Nachdem ich mich etwas eingearbeitet habe, musste ich feststellen das man mit JSP net wirklich dynamischen SVG-Code darstellen kann (SVG benötige ich zum Zeichnen von 2D Elementen). Die "normale" Lösung scheint zu sein, das generierte SVG in ein File zu schreiben, um es dann ins JSP zu "embedden". Diese Lösung kann ich aber net gebrauchen. Ich habe mir nun folgendes überlegt:

Ich habe dank dieses Problems vor, meine HTML Sachen, wie Benutzereinstellungen, Pfade, sonstiges Einstellungen in mein JSF Projekt zu legen.

Die grafische Darstellung via SVG würde ich dann in ein extra Servlet auslagern und dort die Berechnungen der Grafiken durchführen.
Ich würde dann Anhand von Parametern zwischen JSF<->SVG-Servlet kommunizieren.

Das heisst konkret ich würde in 2 "Eclipseprojekten" parallel arbeiten und 1-2 .jar files würd ich doppelt importieren müssen.

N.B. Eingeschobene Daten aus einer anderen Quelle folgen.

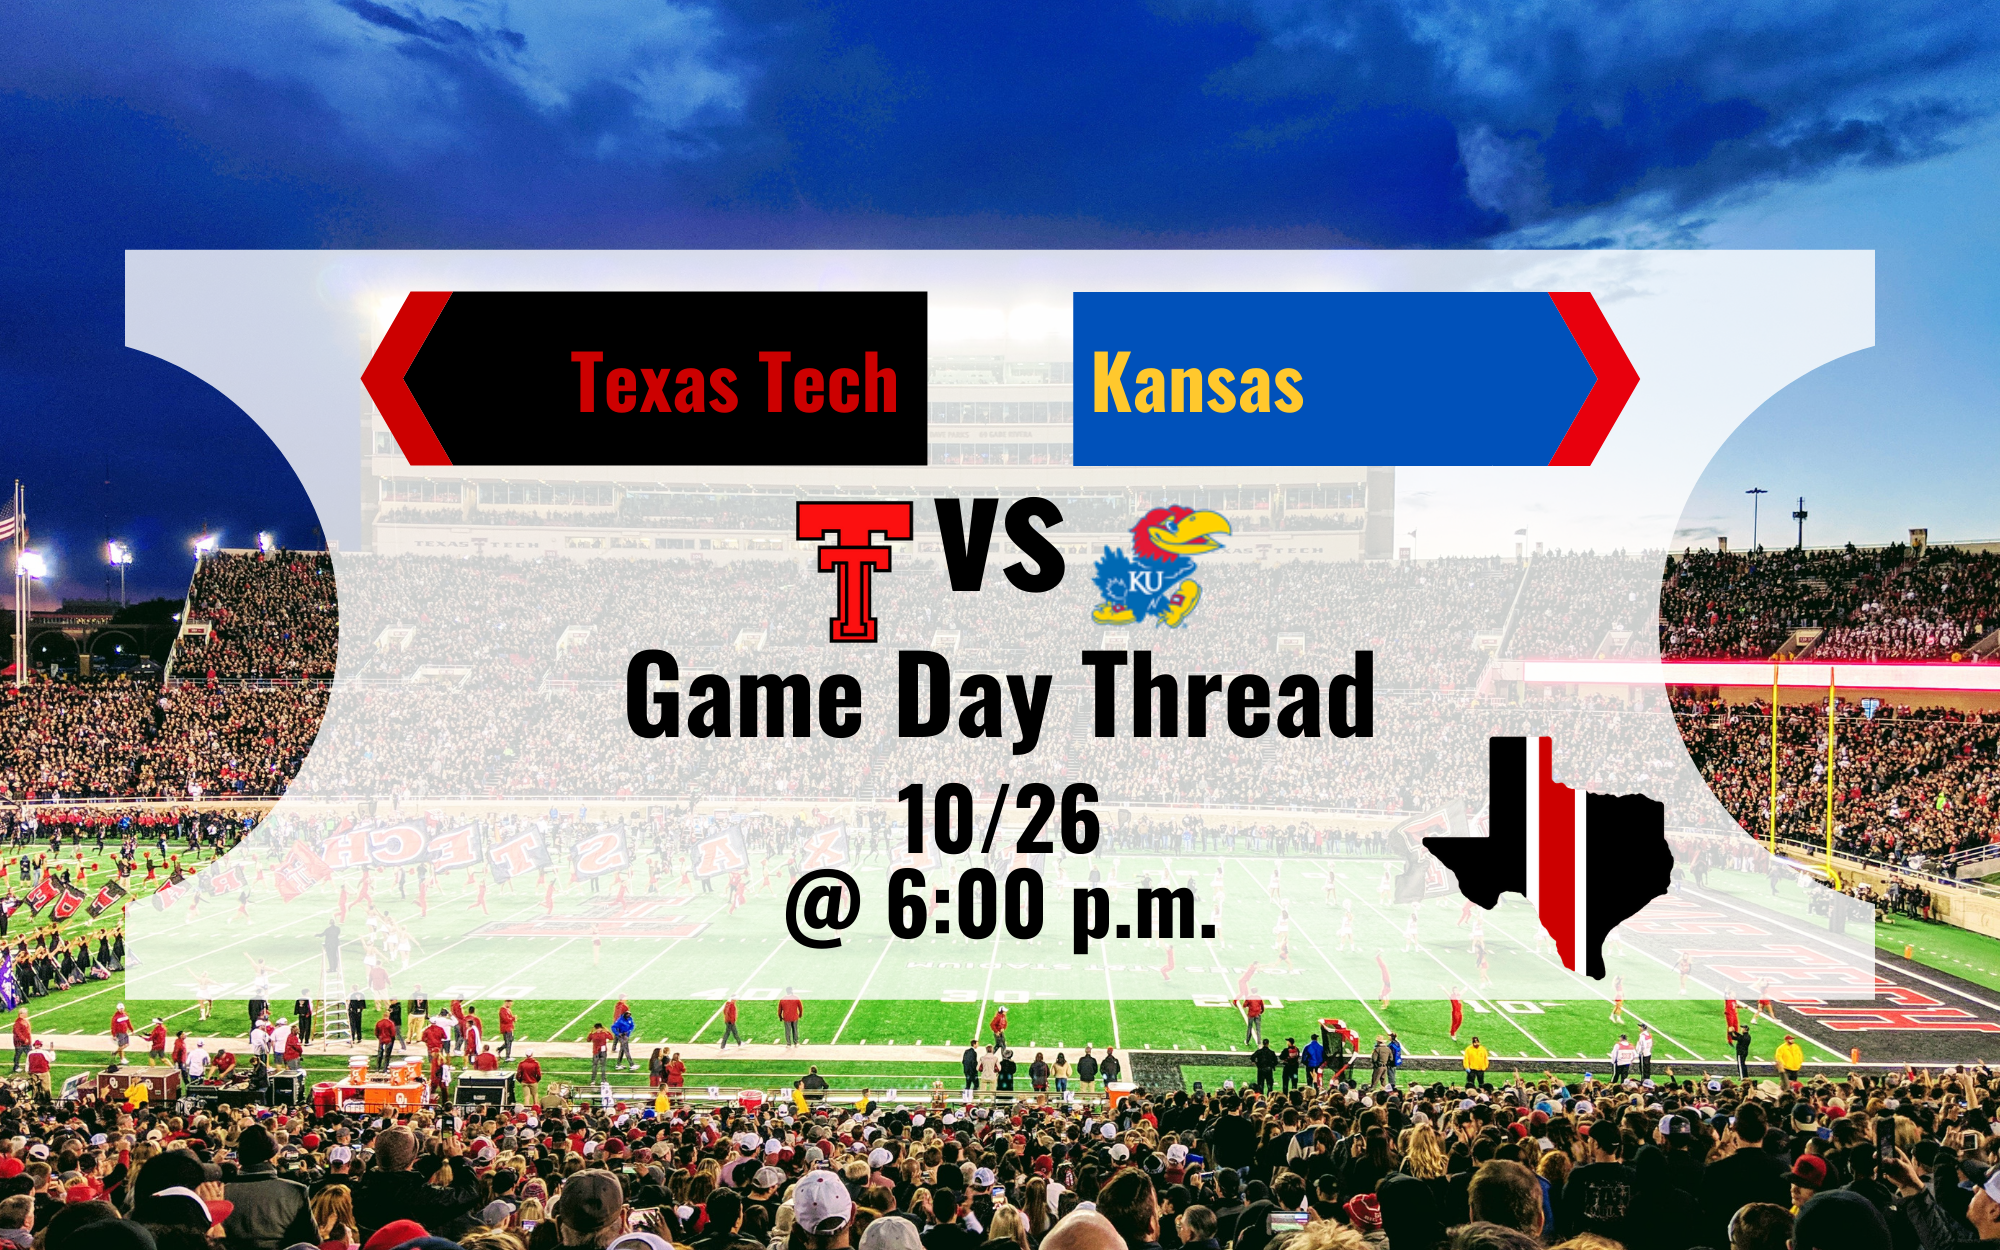 Game Day Thread 2: Texas Tech vs. Kansas

Ist mein Vorhaben in etwa nachvollziehbar und "sauber"? Oder denkt ihr das man sowas nicht machen sollte? Habt ihr evtl Vorschläge oder eine bessere Idee? 


Bis denne


----------



## Bleiglanz (13. Jun 2005)

komische idee, bleib bei einem projekt

warum legst du den svg code nicht in ein servlet oder jspx, das "direkt angesprochen wird", also nicht durch das FacesServlet beeinträchtigt wird?

ich geh mal davon aus, dass das svg dynamisch erstellt wird? nimm einfach ein jspx (XML-erzeugendes jsp) dafür

was soll "embedden von svg in jsf" sein? wie bindest du das überhaupt ein??


----------



## Troilus (13. Jun 2005)

Najo mit embedden meinte ich, dass man ein SVG File via html-object tag in ein jsp einbindet.

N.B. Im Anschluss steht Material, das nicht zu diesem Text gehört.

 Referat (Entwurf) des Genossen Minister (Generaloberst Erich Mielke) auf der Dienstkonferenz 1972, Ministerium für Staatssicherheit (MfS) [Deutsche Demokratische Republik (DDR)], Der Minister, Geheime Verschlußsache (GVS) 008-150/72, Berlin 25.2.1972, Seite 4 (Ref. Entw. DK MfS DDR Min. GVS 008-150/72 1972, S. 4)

Mhh ich darf neben dem FacesServlet noch andere Servlets in meinem JSF Projekt anlegen? Ich bin da noch neu in der Materie, aber ich hab gedacht das ich in einem JSF Projekt nur das Controllerservlet(=FacesServlet) und die Views(=JSPs) haben darf. Das mit den JSPx muss ich mir mal ansehen.

Danke . Ich werd erstmal gescheiter googlen und n bissl rumtesten.


P.S.: Die Antwort war echt fix *g*

PPS: Zack, bumms, Problem gelöst  (mit jspx lassen sich SVG Elemente schick darstellen), Danke nomma


----------